At market open, shares of Pick n Pay, South Africa's second-biggest supermarket chain, fell 5% to R49.63, as it also warned on additional cost pressures.
The company launched an investment plan earlier last year to better target its stores by customer incomes, modernise their look, and add more shops.
That plan, plus a substantial increase in power cuts, disrupted South African sales as like-for-like sales grew by just 2% in the 17 weeks ended 25 December, with selling price inflation of 10%, it said. Overall sales grew 6.1%. Over 10 months ended 25 December, group sales increased by 9.3%.
"The group has more recently had to contend with a significantly more difficult trading environment, with unprecedented load shedding and a further downturn in the economy," the retailer said.
"Inevitably, load shedding has disrupted customers, with some impact on turnover. Of greater consequence, however, are the substantial unplanned costs incurred in running localised power generation for stores."
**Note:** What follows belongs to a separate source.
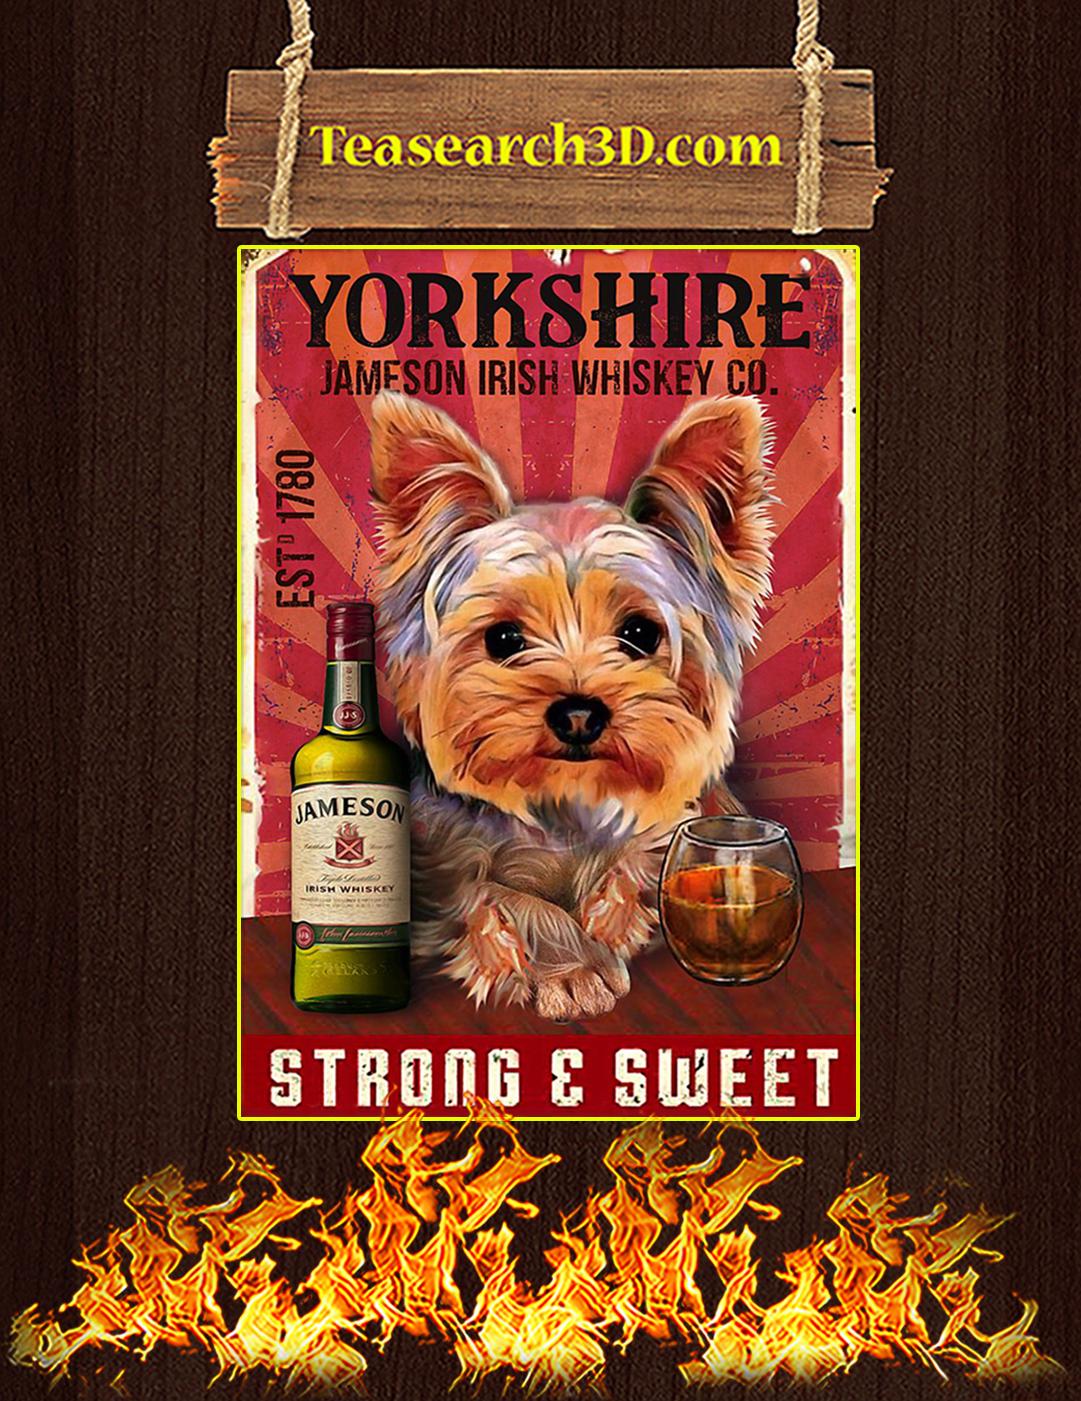 Yorkshire jameson irish whiskey co poster A2
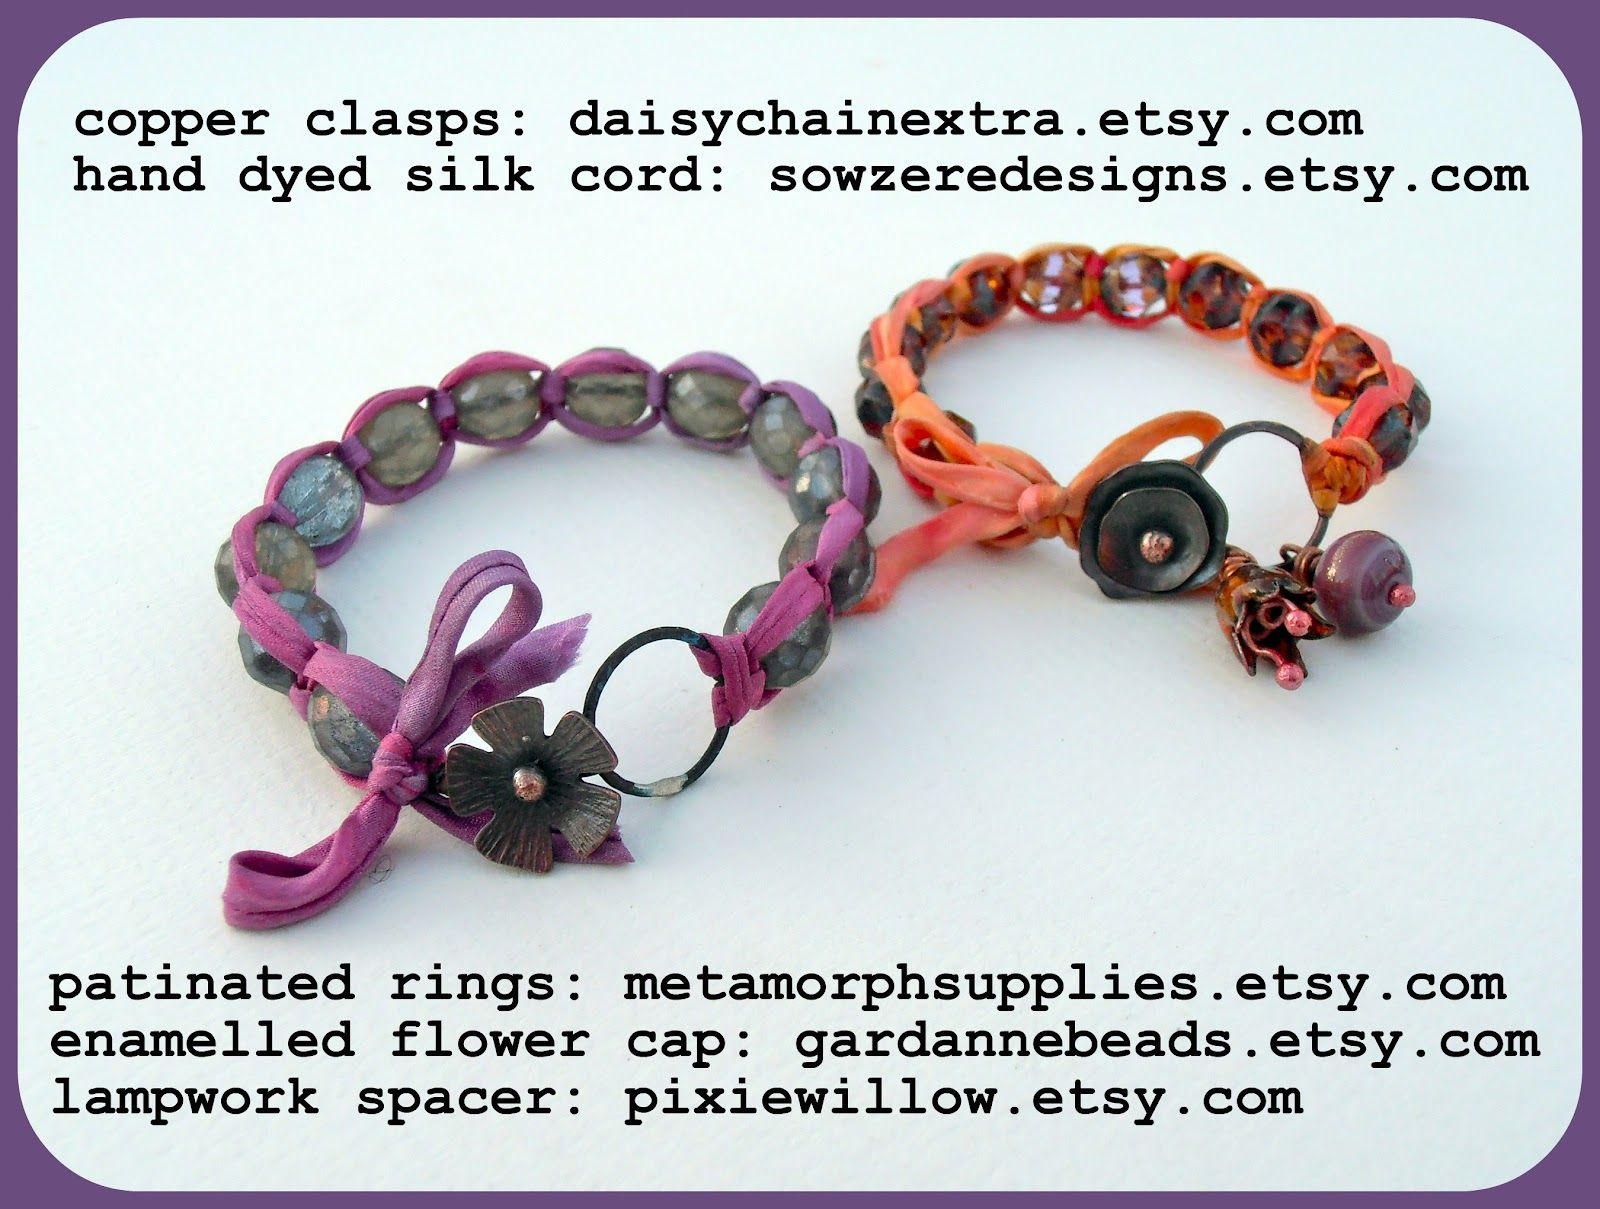 Square Knot Bracelet Tutorial with ribbon

Pick n Pay said it spent an additional R346m year-on-year on diesel to run generators in the first 10 months of its financial year and is currently on a run rate of approximately R60m per month.
The group previously guided the market to expect broadly flat annual earnings and said in October that external headwinds, including power cuts, would have an additional impact on its results, which it will announce in May.
"There has been a further escalation in load shedding since then, resulting in the additional cost pressure," it said.
Its bigger rival Shoprite reported a 16.8% jump in half-year sales.